I think the burndown list for finishing this phase of work is ProcessContinuations, Dynamic Splitting, the Configuration set up & use.

State wouldn't be hard to do. I don't think Timers would be too hard, though then we want to have "time acceleration" or similar features to help with testing. Triggers shouldn't be too bad, but TBH might as well wait for state and timers, so It can build on those mechanisms. The configuration bit, should enable and disable the various "requirements" features, so that we can emulate different Runners. Then there's the different data handling things, like State Backed Iterables, which would need to be eminently configurable, in terms of datasize thresholds, page size and the like, and whether to force them to be enabled or not for testing purposes.

ProcessContinuations allow a bundle to checkpoint itself, so not only can it be restarted with the residuals, but also so that its children can begin downstream processing simultaneously. Aside from watermark handling to estimate if a given window should be closed or not at a GBK, I'll need to propagate through single transform PCollections. This affects the dataService API.

The quick thing that comes to mind is that when a process bundle request returns with residuals and such, the residual bundles should be assigned an incremented generation number, which is stored with the data. This way up until a GBK, where we need to do watermark based processing, we simply start the next thing, and request the data for the same generation's parent.

GBKs and Side Inputs in that scenario need to operate a little differently, since they will aggregate multiple previous generations of data. They don't follow the same generation number scheme. A given GBK will be blocked on processing until at least one window is completed. Then it's generation number will be something different. Probably the latest generation's data that's being used in the aggregation.

That's enough thoughts for now. I'll sleep on it, and figure it out next year.

Notes to myself: 2022-12-30

Switching GBKs to handle windowing, worked out pretty easily, and so did adding Session windowing. That was followed up with sorting out the windowing for side inputs.

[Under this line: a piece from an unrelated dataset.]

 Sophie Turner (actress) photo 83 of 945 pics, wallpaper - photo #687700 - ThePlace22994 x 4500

Both were made easier since I could just pull the self validating integration test pipelines.

The next thing on the list is Process Continuations and watermark handling, but I need to decouple the datalayer from the bundles, and that's probably going to be a small mess.

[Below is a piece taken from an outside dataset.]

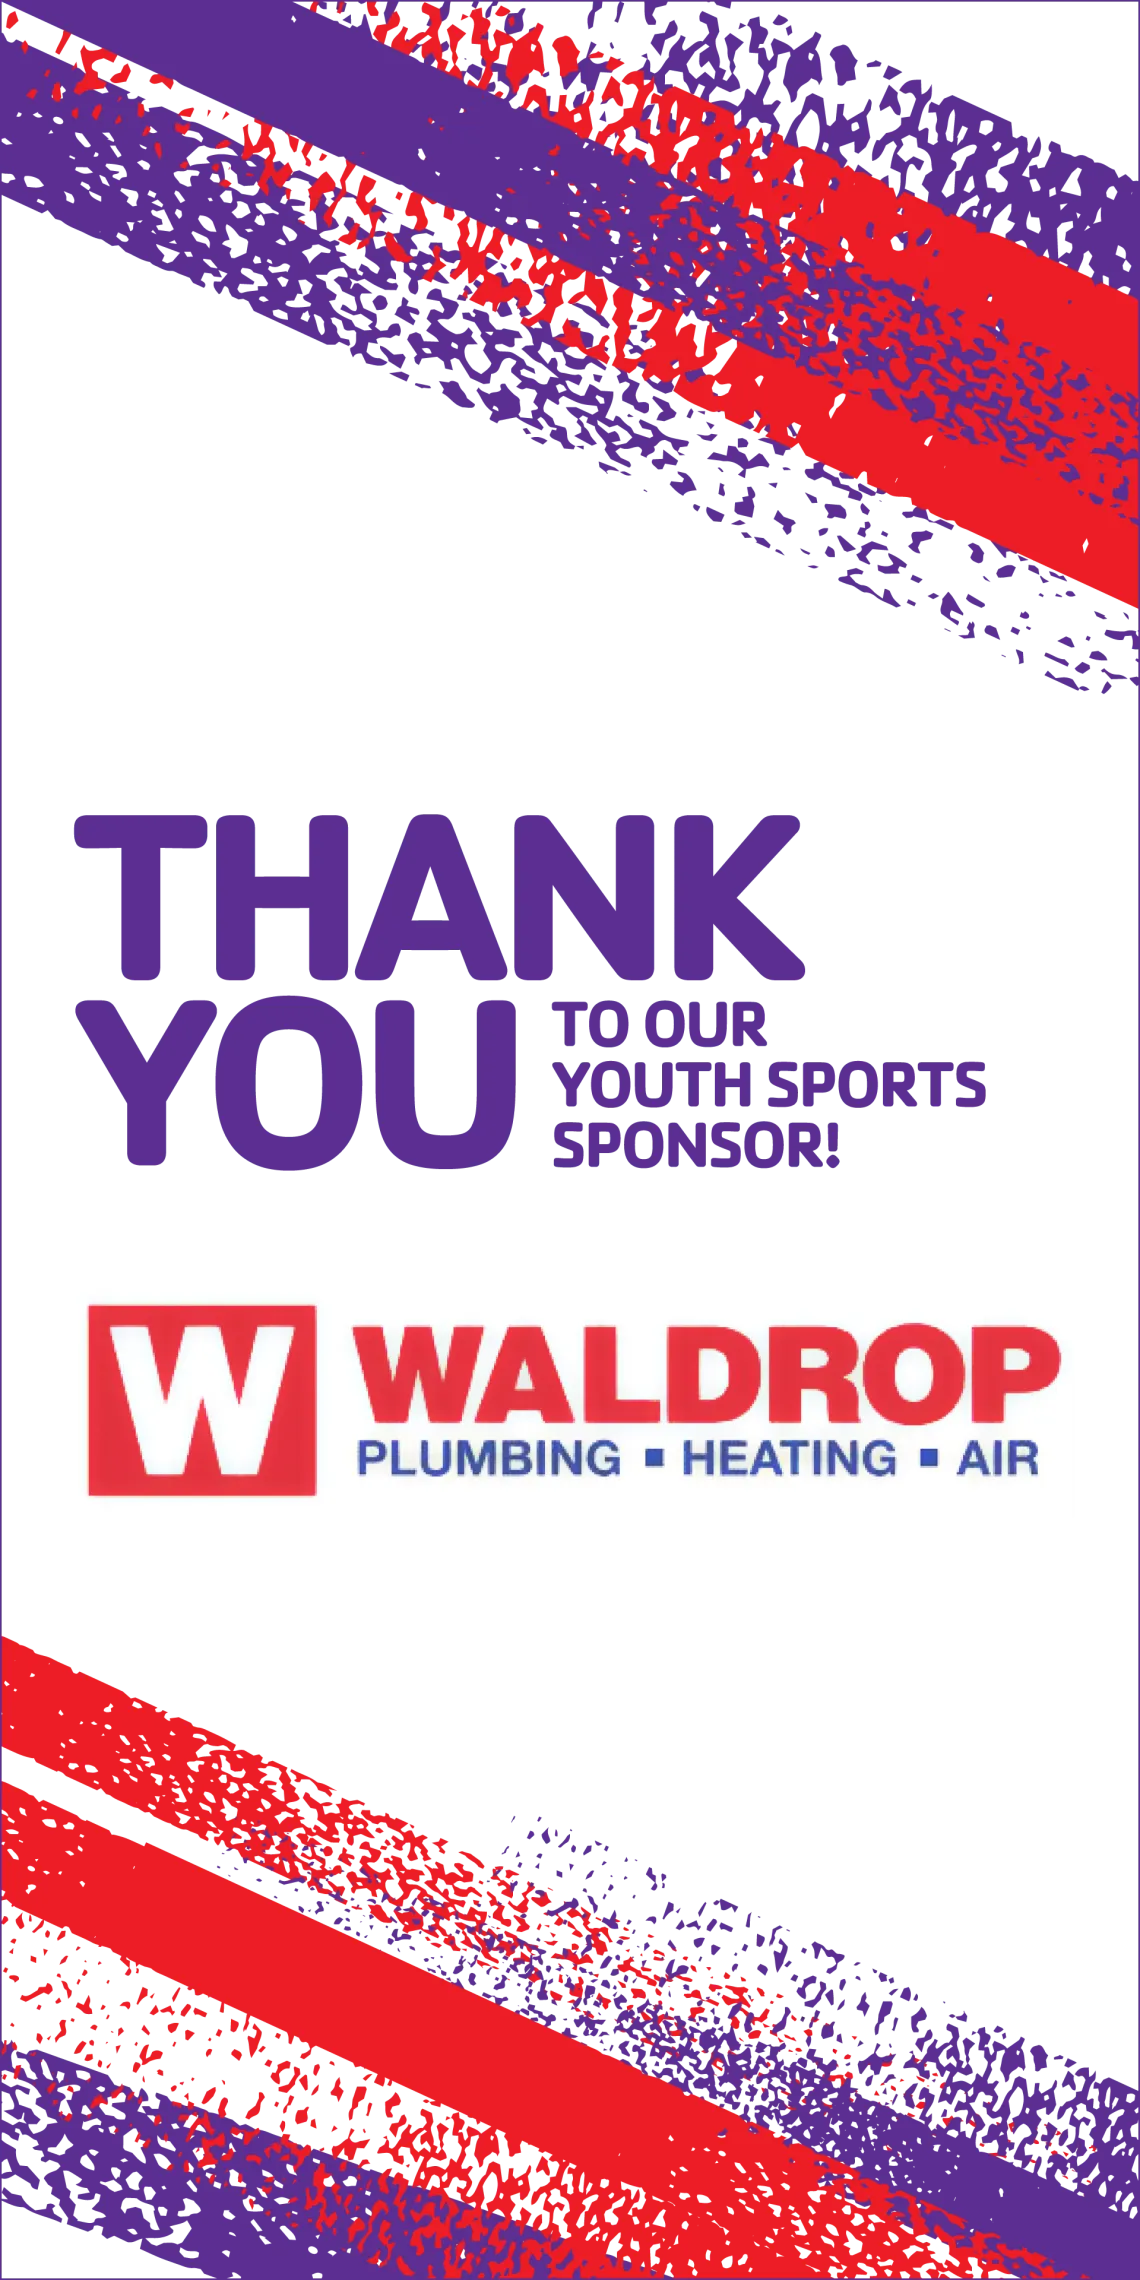 Thanks to Waldrop as our Youth Sport Sponsor!

Right now bundles retain their output data independantly, which has a problem when there are multiple bundles contributed data to the PCollection. So we need to fix up the data layer to abstract that out. Basically we should just key these things on the global Pcollection ID. This would probably simplify all the mess I have around data coming in and exiting


That data layer needs to be where the watermark awarness handling needs to go, since technically that's how windows get closed and packaged for later.

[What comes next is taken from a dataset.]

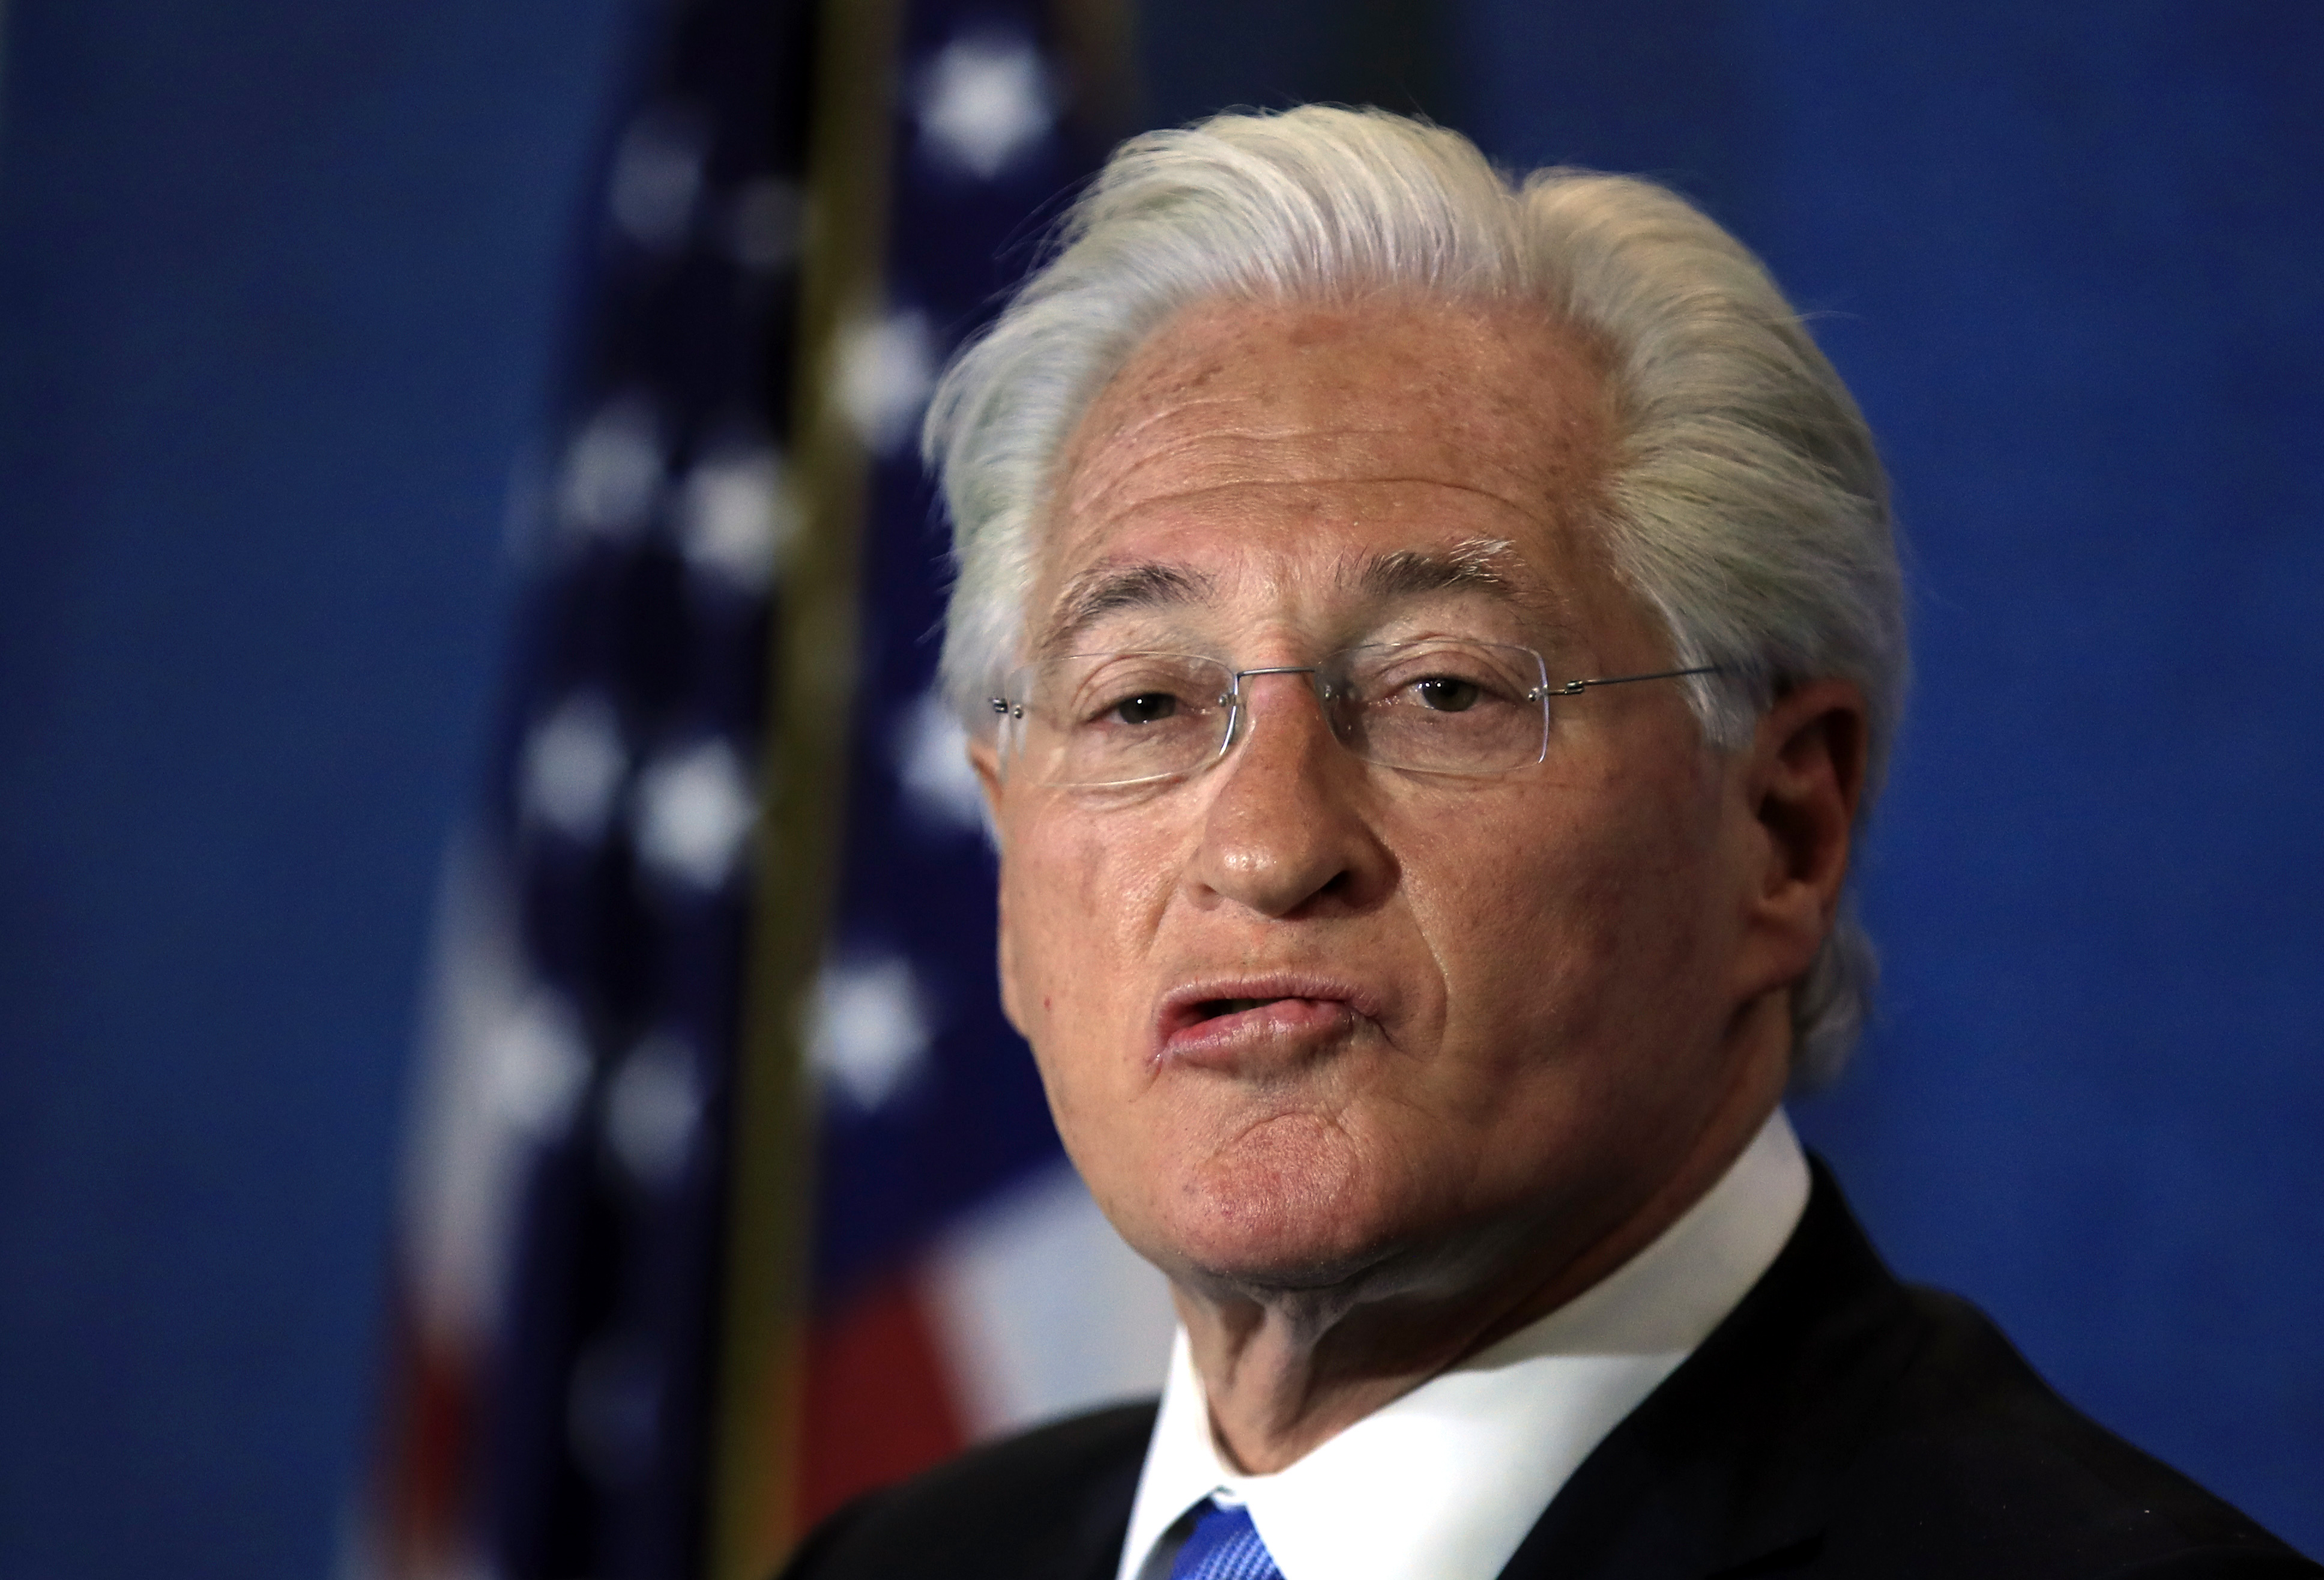 Marc Kasowitz personal attorney of President Donald Trump  makes a statement following the congressional testimony of former FBI Director James Comey at the National Press Club in Washington, Thursday, June 8, 2017.    (AP Photo/Manuel Balce Ceneta)

Triggers are also very much tied to that layer as a result. IIRC it's possible to treat these with windowed handling.

How does that look? We get the window headers & timestamps for all the elements. The timestamps help us estimate the watermark position, unless we have real estimates from the SDK. We need to map from the data output to the globalID. But we only have the instructionID (AKA which bundle it's coming from), and the transformID of the datasink for that output. The bundle struct needs to have that mapping.

Notes to myself: 2022-12-29

Nerd sniped myself into adding MultiMap side input support, so that's in. This reminded me that I largely punted on any Windowing handling so far. That affects GBKs and Side Inputs.

Also, in implementing things, I learned that the protocol also has a way to extract all keys from a multimap side input. Hot dang.

There were also some things to move and cleanup that I missed in the initial handler migration.

I think at this point the main things that the direct runner do that aren't yet supported is handling windowing to some degree. We certainly have it beat on serialization. But this runner doesn't yet handle dynamic splitting, process continuations, and sending multiple bundles, to an SDK simultanously, which are certainly the trickier parts to resolve. I want dynamic splitting, and continuations for the testing benefit for the SDK, the latter especially for users. Multiple bundles does also satisfy a SDK testing concern.

General State API handling is simple and straight forward, since we already force a single bundle with the given keyed state. Timers remain a mystery, and are handled through the datalayer.

Then of course, there's Cross Language, which largely just means using/building containers, and handling the environments that way.

So the right ordering is probably:

  • Add windowing.
  • Add process continuations + watermark handling.
  • Add triggers.

Reading back through my notes. Windowing was something I intended to do back in February too, and then it got lost in the Too Busy Shuffle of 2022. Better get on it then.

Notes to myself: 2022-12-26

I think to clean up execution, the loop needs to be unaware that the runner is special. It needs to treat it as just another worker with the environment id "".

This implies that we would have the "environments" be responsible for multiplexing requests onto actual worker, even though the manager will only have a single FnAPI server for the various services. This would permit a distinction between the multi processing SDKs like Go and Java, and the single/sibling processing SDKs like Python.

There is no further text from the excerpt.